3. In presentation/app views, show combined progress across hidden upstream nodes as a single bar per visible output node

## 1. `model_execution_stats` Table

### Schema

```sql
CREATE TABLE model_execution_stats (
  id UUID PRIMARY KEY DEFAULT gen_random_uuid(),
  model_identifier TEXT NOT NULL,          -- e.g. "flux", "veo-3", "sora-2-text-to-video"
  aspect_ratio TEXT NOT NULL DEFAULT '',   -- e.g. "16:9", "1:1", or '' if N/A
  quality TEXT NOT NULL DEFAULT '',        -- e.g. "2K", "4K", "high", or '' if N/A
  duration_seconds INT NOT NULL DEFAULT 0, -- video duration in seconds, or 0 if N/A
  avg_duration_ms INT NOT NULL,
  min_duration_ms INT,
  max_duration_ms INT,
  sample_count INT NOT NULL DEFAULT 1,
  last_updated_at TIMESTAMPTZ DEFAULT NOW(),
  UNIQUE (model_identifier, aspect_ratio, quality, duration_seconds)
);

CREATE INDEX idx_model_execution_stats_model ON model_execution_stats (model_identifier);

-- RLS: public read, service-role-only write
ALTER TABLE model_execution_stats ENABLE ROW LEVEL SECURITY;
CREATE POLICY "Anyone can read execution stats"
  ON model_execution_stats FOR SELECT USING (true);
-- No INSERT/UPDATE/DELETE policies — only service-role (backend) can write
```

### Stats Update Flow

After each successful job completion:
- **Backend orchestrator** (`orchestrator-worker.ts`): after node completes, extract model + config from input data, upsert stats
- **BullMQ worker** (`worker.ts`): after single-node job completes successfully, upsert stats (this is where all async jobs finalize — route handlers only enqueue jobs)

Upsert logic (exponential moving average, α = 0.3):
```
new_avg = floor(α * new_duration + (1 - α) * old_avg)
new_min = MIN(old_min, new_duration)
new_max = MAX(old_max, new_duration)
new_count = old_count + 1
```

Using EMA instead of simple running average ensures recent executions have more weight (adapting to provider speed changes) and naturally resists outlier drift. The α = 0.3 factor means a single outlier shifts the average by only ~30%.

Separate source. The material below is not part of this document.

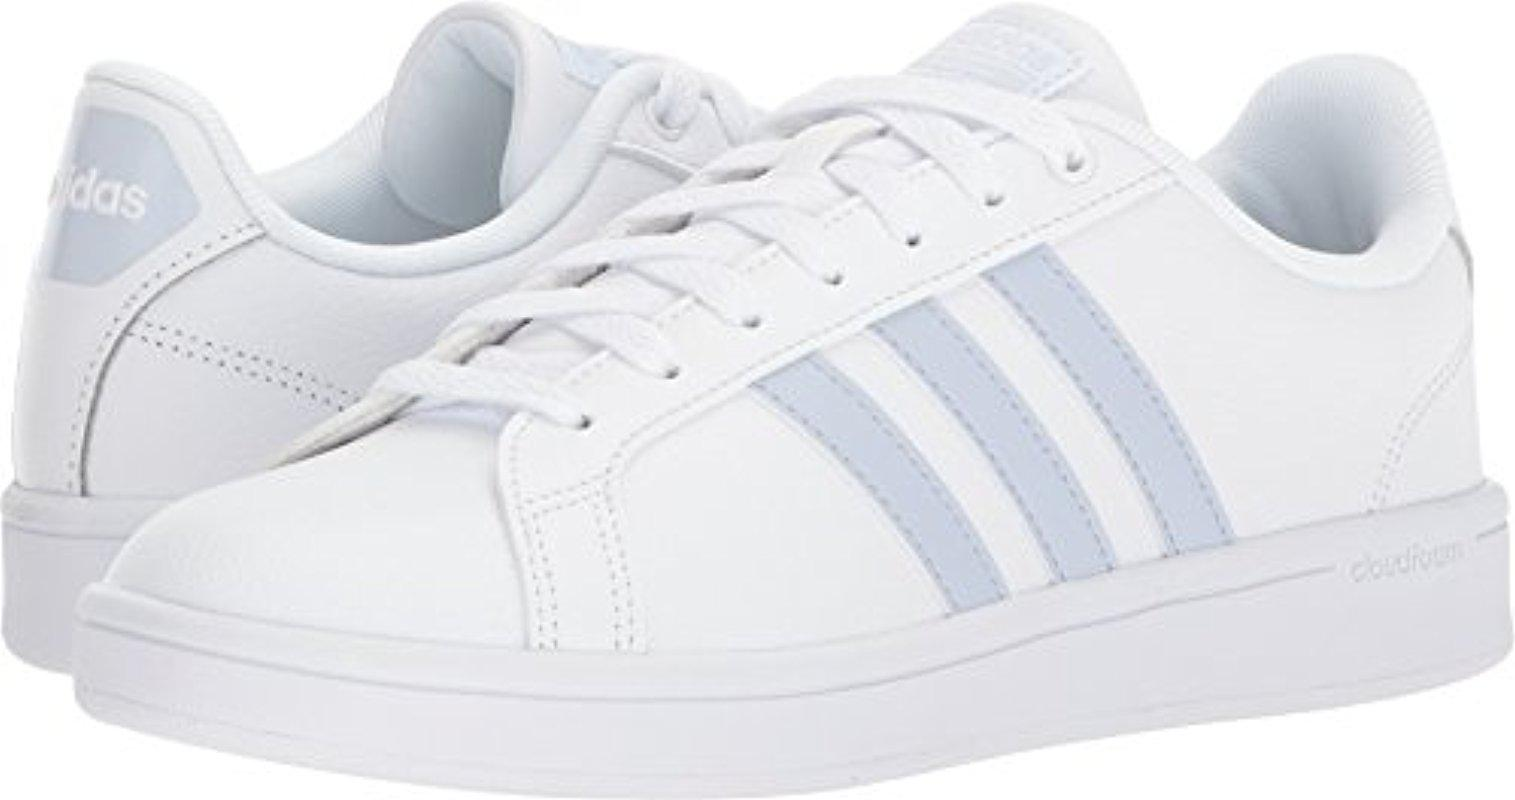 lyst adidas cloudfoam vantaggio striscia bianco / bianco / aero blue 10 b

**Outlier guard:** If `new_duration > 3 * old_avg` and `sample_count >= 5`, skip the upsert — likely a provider timeout or network issue, not representative.

### Extracting Stats Key from Job Data

Different node types store model/config under different field names. A `buildStatsKey(nodeType, inputData)` utility extracts the composite key:

| Node category | `model_identifier` source | `aspect_ratio` source | `quality` source | `duration_seconds` source |
|---------------|--------------------------|----------------------|------------------|--------------------------|
| Image (generate-image) | `inputData.provider` (e.g., `"flux"`) | `inputData.aspect_ratio` or `inputData.image_size` | `inputData.resolution` or `inputData.quality` | 0 |
| Video (image-to-video, text-to-video) | `inputData.provider` (e.g., `"veo-3"`) | `inputData.aspect_ratio` | `""` | `inputData.duration` |
| Audio/TTS (text-to-speech) | `inputData.ttsModel` or `inputData.provider` | `""` | `""` | 0 |
| Music (suno) | `"suno"` | `""` | `""` | `inputData.duration` or 0 |
| LLM (ai-writer, generate-script) | `inputData.llmModel` or `"llm"` | `""` | `""` | 0 |
| Upscale (topaz) | `inputData.provider` | `""` | `inputData.scale` or `""` | 0 |
| FFmpeg processing | Skip — not tracked (0 credits, near-instant) | — | — | — |
| Inline (combine-text, split-text) | Skip — not tracked | — | — | — |

The `model_identifier` should align with the credit system identifiers where possible (e.g., `"flux"`, `"veo-3"`, `"gpt-image"`).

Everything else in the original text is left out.